Not at all. He explains that the thought that the wire restrictions for domestic communications could be explained by the fact that such taps done domestically could involve a lot more purely domestic traffic. I'd note that FISA also had a warrant provision for radio communications if sender and all intended recipients were domestic.

Why should agents of foreign terrorist group who have successfully invaded the United States have their domestic communications protected?...

They're not. Get a warrant and show that's who you're listenting to. IF you want to snoop domestic traffic indiscriminately, you're OOL.

... Indeed, our need for intelligence is greater when the enemy has successfully invaded the United States and is closer to attacking our citizens.

And it's even greater yet when the "enemy" is in fact home-grown domestic. Get the freaking warrant.

Mr. Kris actually makes a good argument that the FISA architecture should be discarded and we should return to the target and purpose test used by the courts for application of the 4th Amendment warrant requirement....

And while the Fourth Amendment provides you no protection against your conversation being snooped without a warrant on you, if you happen to call someone for whom a valid warrant exists, it still requires a warrant. That's a reasonable compromise.

... If the target of the surveillance is an agent of a foreign group (regardless of nationality) and the primary purpose of the surveillance is for intelligence gathering, then no warrant is required.

Why should that be? What's the matter with getting the freakin' warrant? If the gummint is allowed to decide who the "enemies" are, we get what we got with Nixon.

This approach protects innocent Americans without granting the enemy 4th Amendment protections.

The "enemy" already has Fourth Amendment protections. That doesn't mean freedom from wiretapping, any more that the Fourth Amendment means you're free from searched in criminal matters. The question is who we allow, and under what circumstances and under what standard of proof and what oversight, to be wiretapped. The protections there aren't for the Terra-ists; they're for us, "Bart".....

Cheers,
 

I said:

And while the Fourth Amendment provides you no protection against your conversation being snooped without a warrant on you, if you happen to call someone for whom a valid warrant exists, it still requires a warrant. That's a reasonable compromise.

Which is to say, if you want a snoop for criminal purposes, you can't snoop conversations for which you have no probable cause to know that either of the parties is doing something criminal.
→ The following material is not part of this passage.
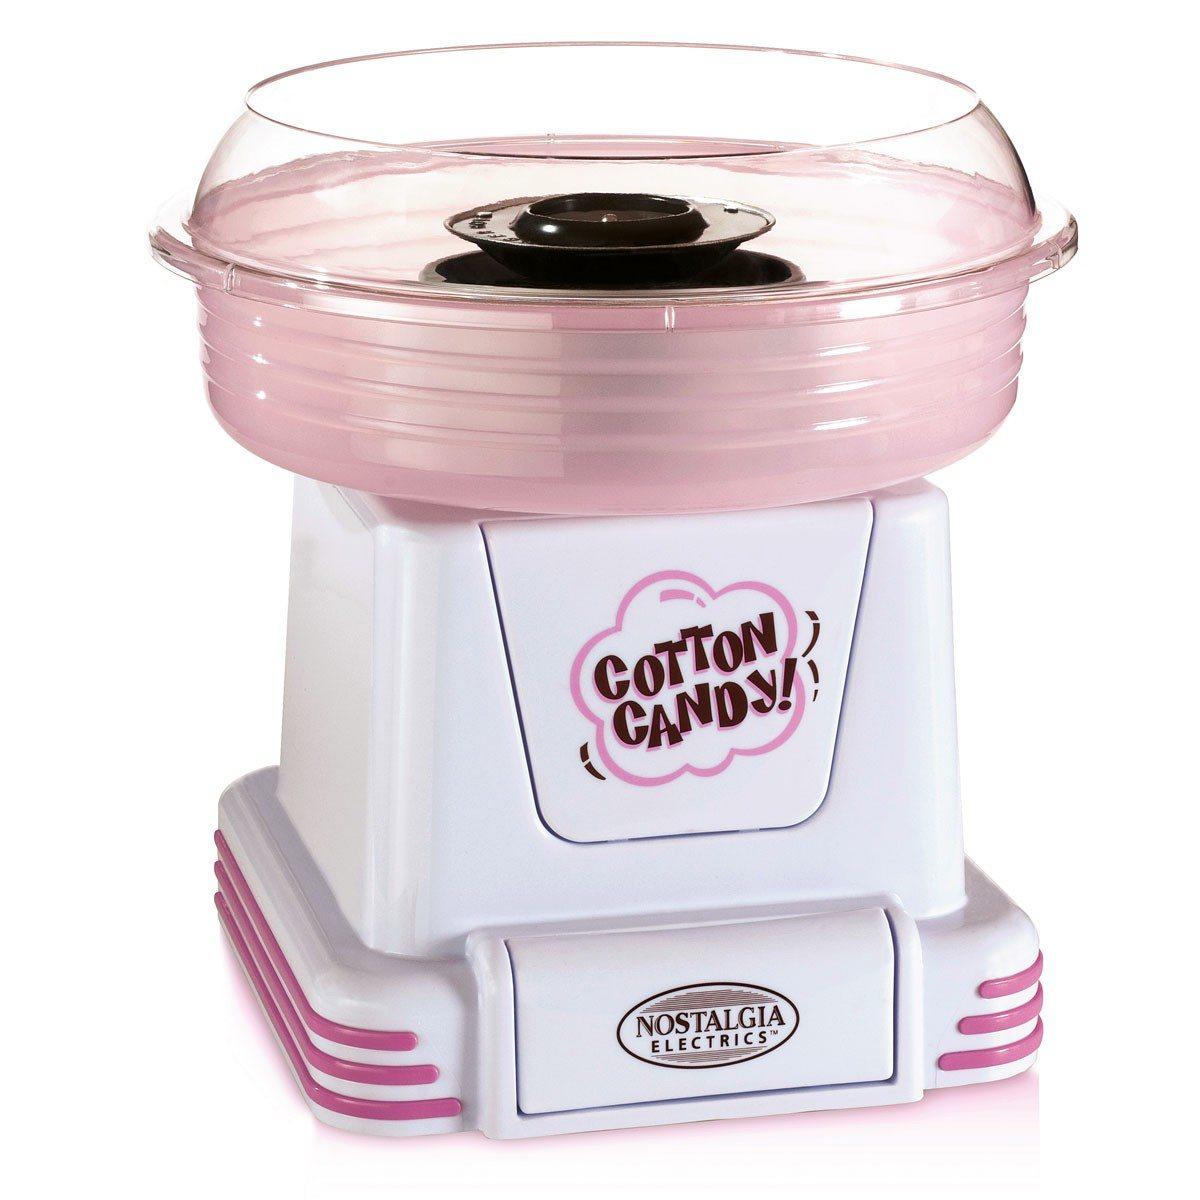 Candyflossmaskine

One of them, at least, must be enough of a "probable" baddie so that you can convince a judge and get the warrant.

What we have with the "no warrant" provisions for "foreign intelligence" purposes is that neither party needs to be shown to be a baddie to anyone (other than the snoops, if they even give a fig about that). Which makes anyone fair game.

FISA says this is only permissible when both parties are foreign (they're furriners, screw 'em). Once you have a "U.S. person" involved, you should be prepared to show why, in the name of "national intelligence", you should be allowed to snoop that person.

Keep in mind that, in writing such laws that protect privacy, it's not the "baddies" that we're trying to protect; if they're bad they should be snooped (after someone shows that they are bad). And if our conversations with such "baddies" is snooped, dem's da breaks. We are trying to protect our own privacy rights. When we get rid of warrant requirements, so that anyone the gummint thinks is a "person of interest" is fair game, all bets are off.